Детектив и политика 1991. Выпуск 6 (16) — страница 68 из 81

Сейчас у нас на глазах происходит гибель партии, гибель КПСС, и она носит в себе те же самые черты, но только в еще более карикатурном и, я бы сказал, жалком виде. Партия погибает бесславно. В сущности, не нашлось ни одного человека, который бы встал, сумел бы встать на защиту КПСС и сумел бы это сделать с достоинством. В этом смысле, может быть, у меня вызывает некоторое уважение — хотя это тоже карикатура в какой-ïo мере — позиция Нины Андреевой. Но, во всяком случае, это — защита, это — убеждение. Все остальное — это такая полозковщина, это такое, в общем, шутовство, это такая, понимаешь, дешевка, за которой совершенно явно для всех просвечивает просто корысть и забота о своем положении, ничего другого не видно за всем этим — ни боли, ни заботы о стране, ни заботы о каких-то идеалах, все это давно погибло для этих всех руководителей, не существует. И их роль в путче — в общем, она, конечно, поставила точку в истории КПСС: представь, тот же самый Прокофьев в Москве, тот же самый Гидаспов в Ленинграде, который вошел у нас в этот Комитет и не вышел из этого Комитета, руководили затем уничтожением — поспешным и преступным — уничтожением архивов в Смольном — глубиной в два-три года уничтожали архивы! Какое — я спросил у Гидаспова — право вы имели уничтожать эти архивы, ведь это же не ваши архивы, это архивы партии, они принадлежат партии?!

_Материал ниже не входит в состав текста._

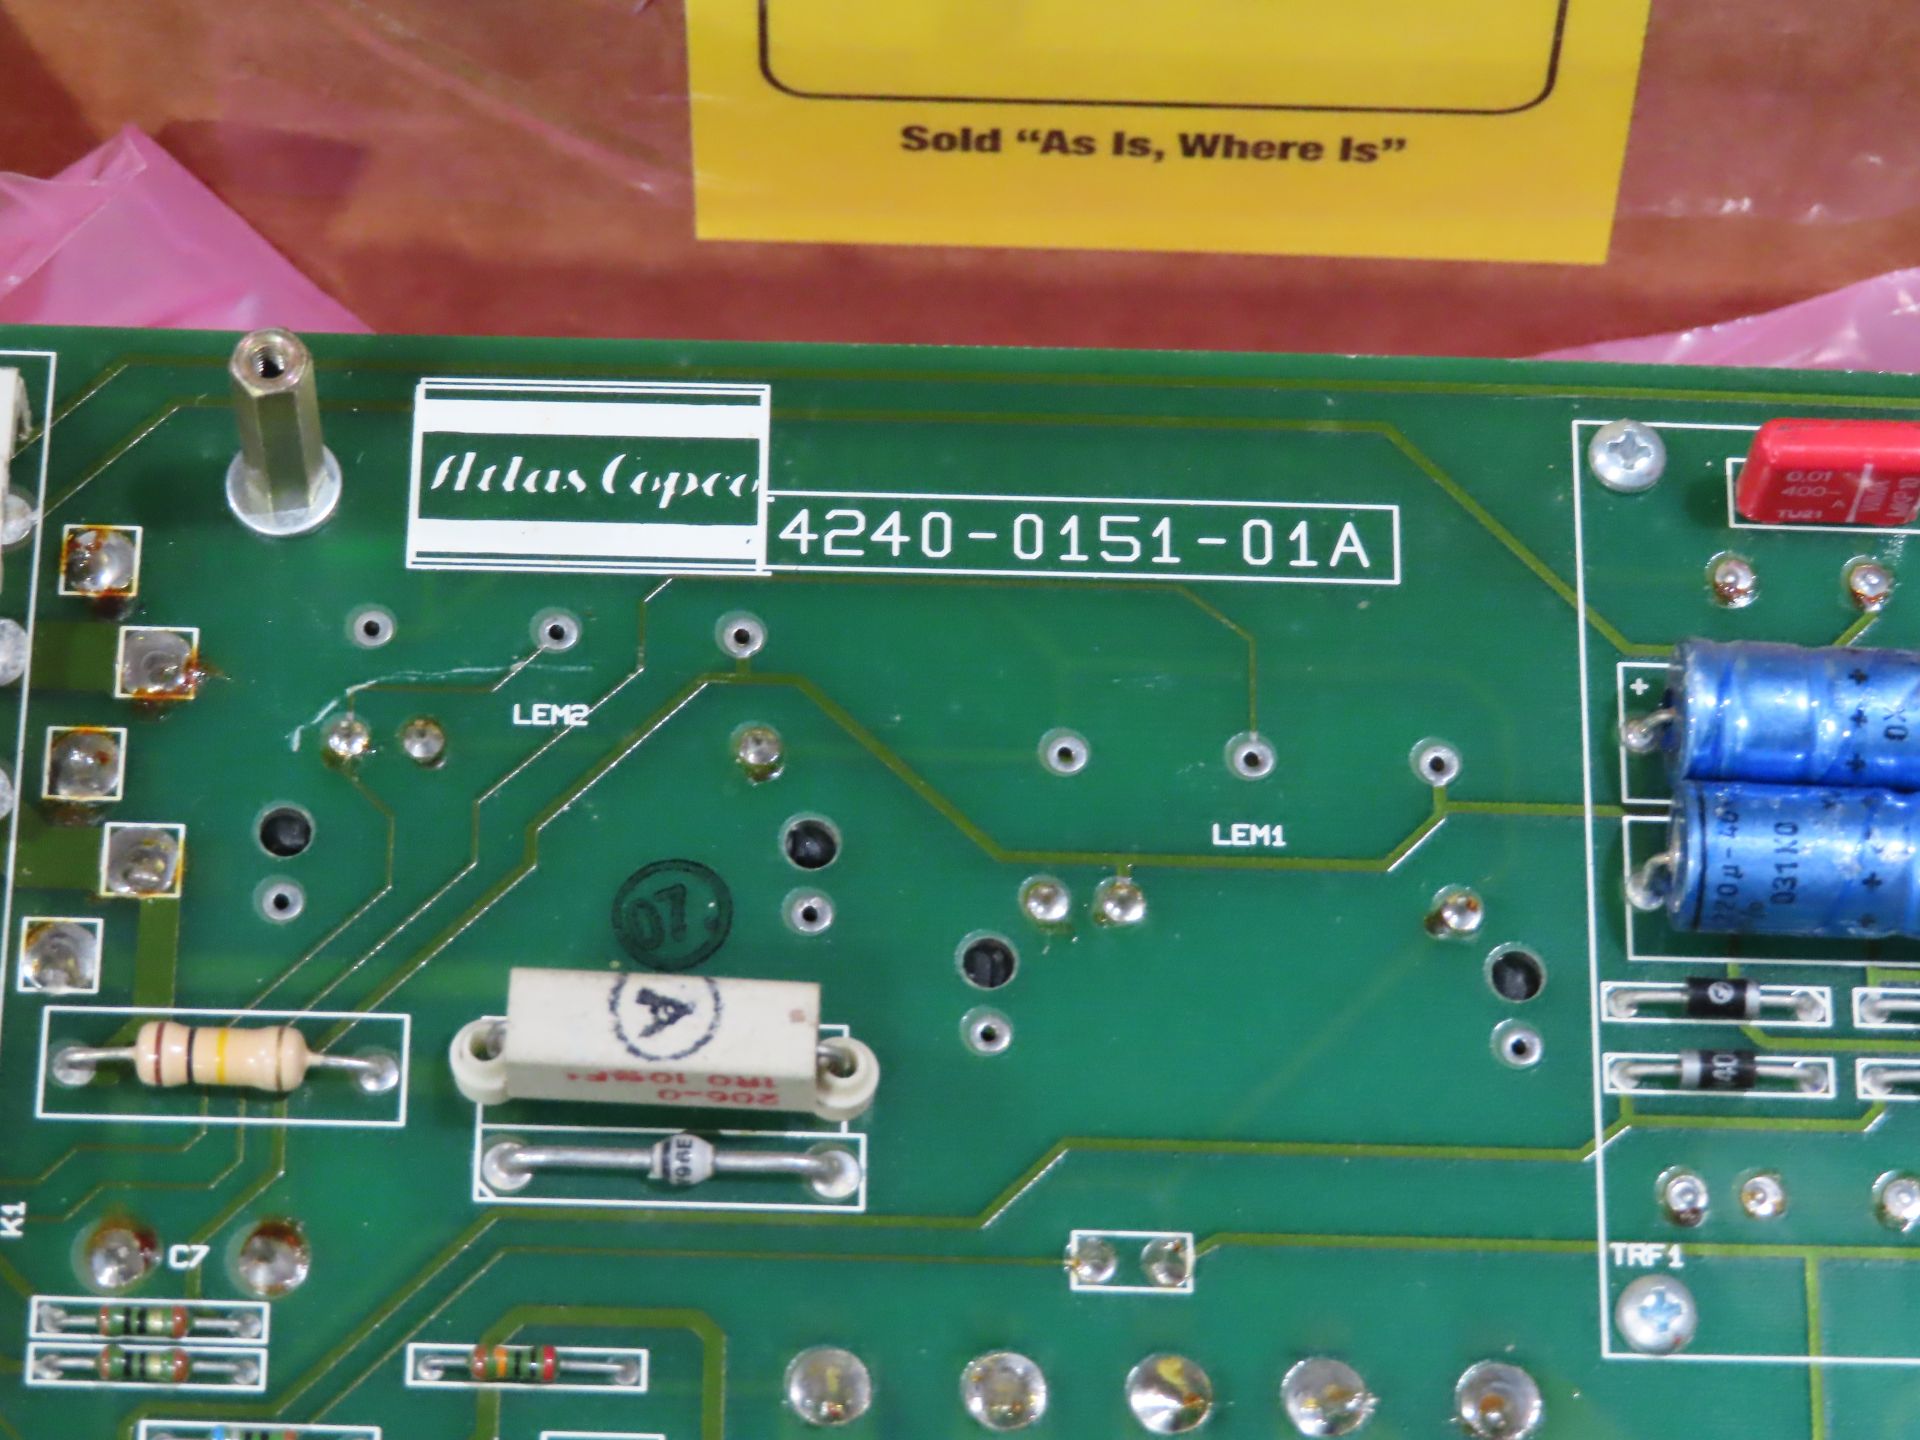 Qty 3 Altas Copco model 4240-0151-01A replacement servo amp replacement board, as always, with - Image 2 of 2

— Какие отношения у вас с ним сложились?

— Во время сессий Верховного Совета я обычно оказывался рядом с Гидасповым — мы располагались по алфавиту. И потому имел возможность слушать его комментарии. Поначалу я был рад, когда его назначили, — полагал, что член-корреспондент Академии наук, химик, человек независимый мог бы как-то по-новому руководить ленинградской организацией. Но оказалось в итоге, что он пошел на всякие политические сделки с наиболее реакционным крылом — и вашим, и нашим, — с этой своей иезуитской улыбкой постоянной, за которой ничего не разберешь, — нет, никакой честной позиции во всем этом деле не было. И я даже не могу назвать свое чувство разочарованием в нем, было бы удивительно, если бы все сложилось иначе.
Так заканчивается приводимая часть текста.